Creating OMS FORTRAN Science Components
Introduction
The OMS API and system components are written in Java. OMS currently supports science components written in Java, FORTRAN, C, C++, and NetLogo. FORTRAN modelers using OMS therefore produce models that are a combination of Java and FORTRAN components, which requires native language interoperability. This is accomplished using the Java Native Architecture (JNA), an open source library that emphasizes an easy integration of Dynamic Linkable Libraries (DLLs) into Java. JNA was developed for easy Java - C/C++ communication. JNA was designed to provide native access in a natural way with a minimum of effort, with no boilerplate or generated code required.
Modelers can create OMS science components directly in FORTRAN. The OMS build system automatically integrates the components into the model. Details are summarized in Native Fortran Components in OMS3.
Requirements for OMS FORTRAN Components
A FORTRAN science component can be made OMS compatible if the following requirements are satisfied:
- Component source code conforms to F90+ syntax and follows the required conventions described later in this reference.

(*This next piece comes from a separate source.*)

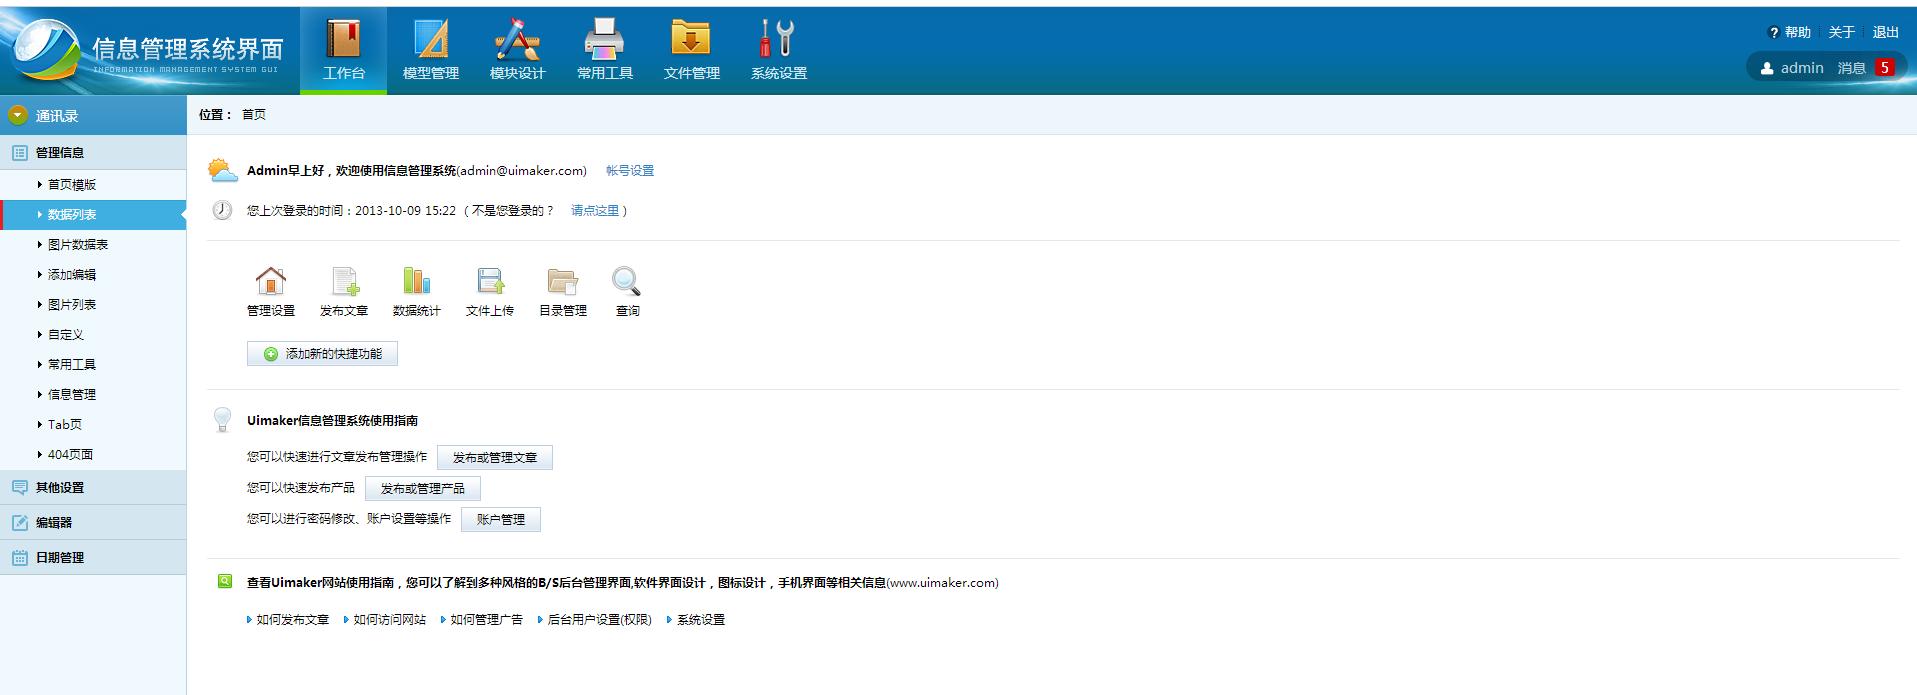 精美的win7风格网站后台管理界面模板html源码

- The component is written as a module, subroutine, or function
- As prescribed OMS annotations are added as comment lines to the component source code
- As prescribed component source code contains ISO_C_BINDING statement and FORTRAN to C data type mapping
- The source code is compiled with GCC 4.4+ / gfortran
Design Consideration
The modeling team must decide the granularity of the OMS FORTRAN components they develop, usually based on the scientific concepts involved. The component may be a module containing subroutines and functions. It may be a subroutine containing subroutines and functions, or simply a single subroutine or function.
Example
The following component source code example, in this case a single subroutine, complies with the requirements:
! Add following annotation comment lines, primarily for auto-documentation
! @Description ("WEPP hillslope erosion component")
! @Author (name="j.c. ascough ii and d.c. flanagan")
! @Keywords ("Erosion")
! @VersionInfo ("$Id: BasinSum.java 367 2009-08-28 22:21:52Z odavid $")
! @SourceInfo ("$HeadURL: http://svn.javaforge.com/svn/oms/branches/oms3.prj.prms2008/src/prms2008/BasinSum.java $")
! @License ("http://www.gnu.org/licenses/gpl-2.0.html")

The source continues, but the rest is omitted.